Repeatable: Repeatable for up to 6.00 total credit hours. Allows multiple enrollment in term.
Requisites: Restricted to graduate students only.
Additional Information: Departmental Category: Numerical Computation

CSCI 7222 (3) Topics in Nonsymbolic Artificial Intelligence

Topics vary from year to year. Possible topics include human and machine vision, signal and speech processing, artificial life, mathematical foundations of connectionism, and computational learning theory.

Repeatable: Repeatable for up to 6.00 total credit hours. Allows multiple enrollment in term.
Requisites: Restricted to graduate students only.
Recommended: Prerequisite CSCI 5622 or instructor consent required.
Additional Information: Departmental Category: Artificial Intelligence

CSCI 7412 (2) Cognitive Science Research Practicum

Independent, interdisciplinary research project in cognitive science for advanced graduate students pursuing a joint PhD in an approved core discipline and cognitive science. Research projects integrate at least two areas within the cognitive sciences: psychology, computer science, linguistics, education, philosophy. Students need commitments from two mentors for their project.

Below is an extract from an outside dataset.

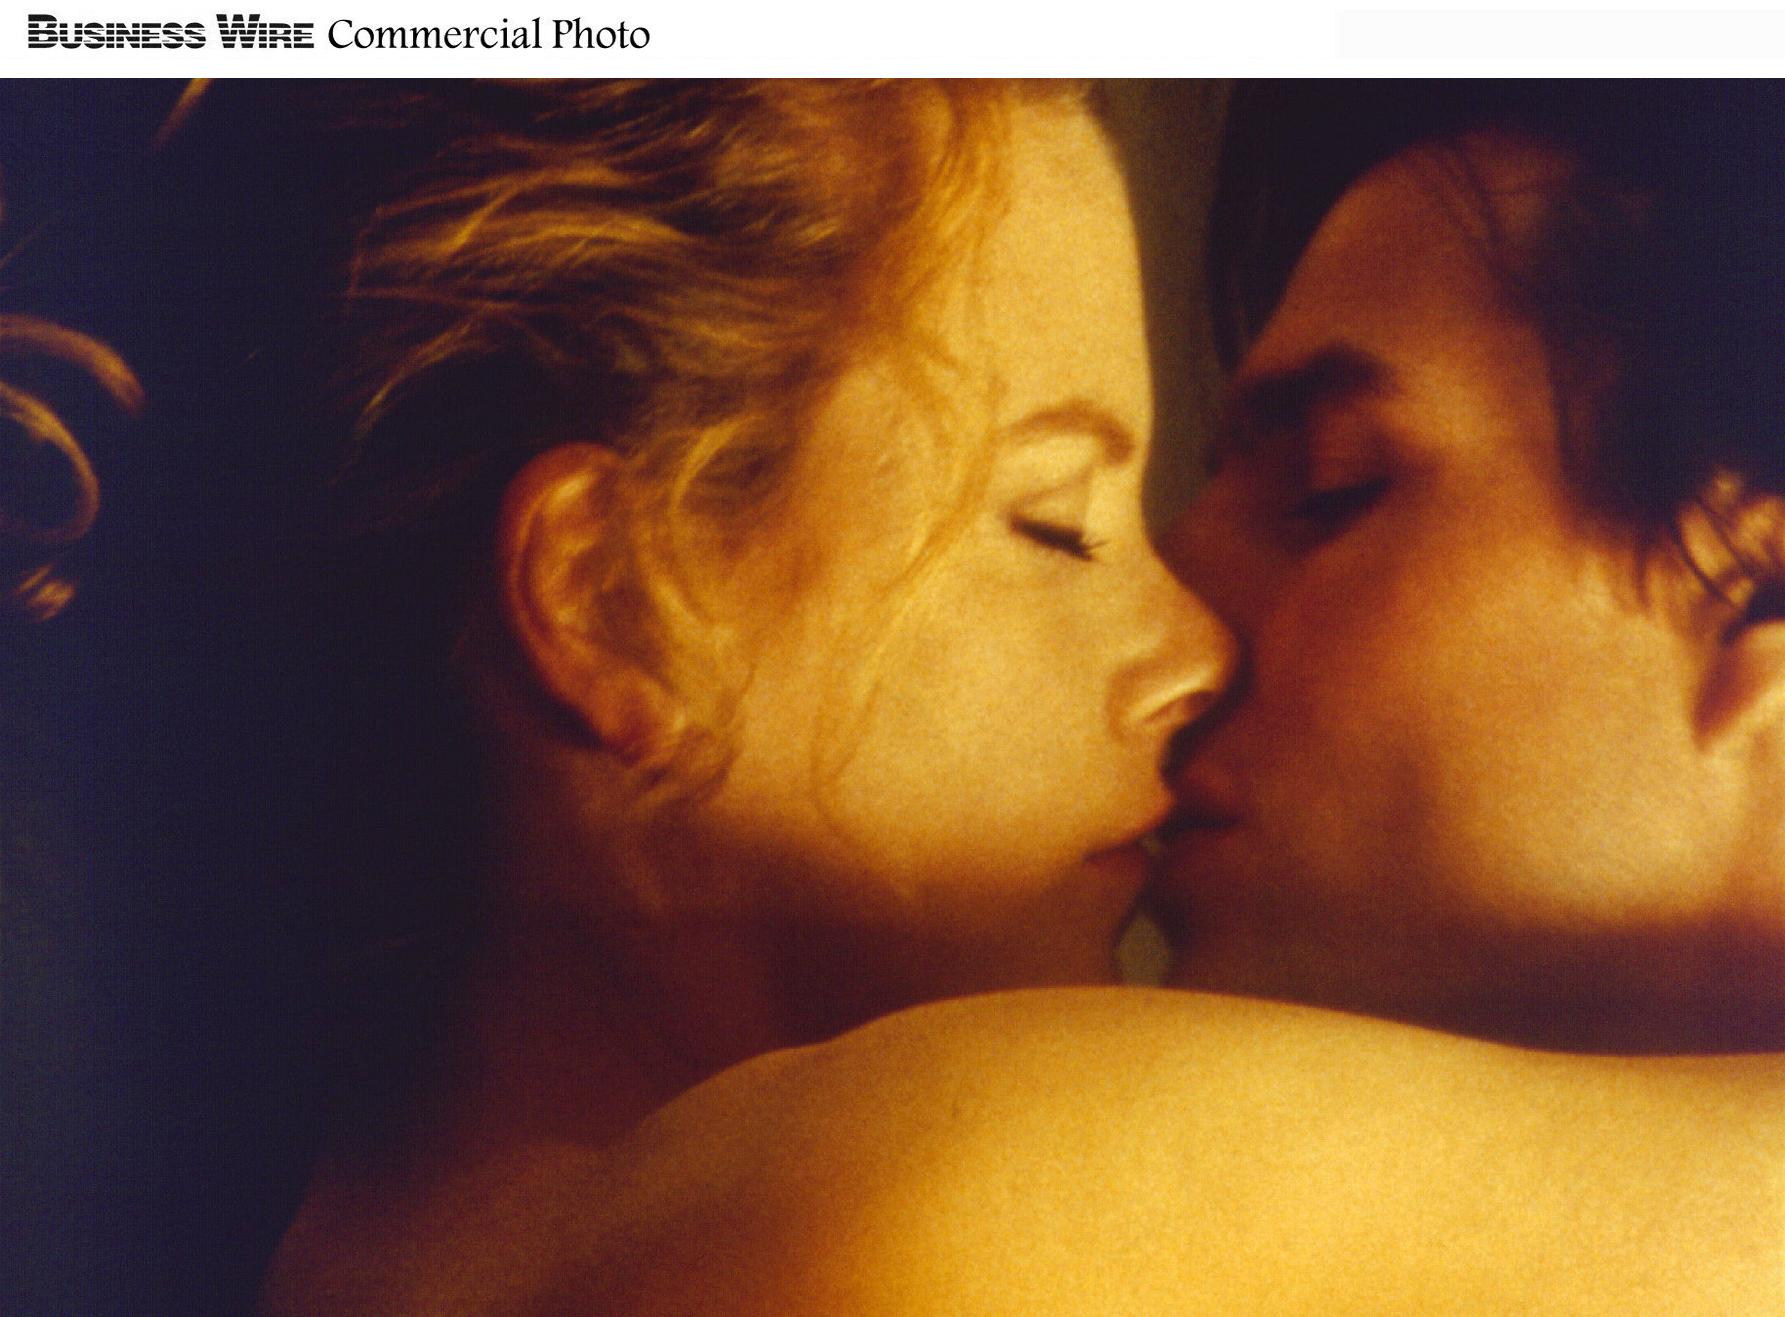 Tom Cruise and Nicole Kidman in Eyes Wide Shut (1999)

Equivalent - Duplicate Degree Credit Not Granted: EDUC 6506 and LING 7415 and PHIL 7415 and PSYC 7415 and SLHS 7418
Requisites: Requires a prerequisite course of CSCI 6402 or EDUC 6504 or LING 6200 or PHIL 6310 or PSYC 6200 (minimum grade B). Restricted to graduate students only.
Recommended: Prerequisite EDUC 6505.
Additional Information: Departmental Category: Artificial Intelligence

CSCI 7422 (2) Cognitive Science Research Practicum 2

Independent, interdisciplinary research project in cognitive science for advanced graduate students pursuing a joint Ph.D in an approved core discipline and cognitive science. Research projects integrate at least two areas within the cognitive sciences: psychology, computer science, linguistics, education, philosophy. Students need commitments from two mentors for their project.

Equivalent - Duplicate Degree Credit Not Granted: EDUC 6516 and LING 7425 and PHIL 7425 and PSYC 7425 and SLHS 7428
Requisites: Requires a prerequisite course of LING 7415 or PSYC 7415 or CSCI 7412 or EDUC 6506 (minimum grade B). Restricted to graduate students only.
Additional Information: Departmental Category: Artificial Intelligence

CSCI 7565 (3) Computational Phonology and Morphology

Surveys of the main approaches and central questions related to computational modeling and learning of morphology and phonology. We consider questions related to learnability of phonology/morphology, machine learning implementations, and linguist-driven grammar modeling.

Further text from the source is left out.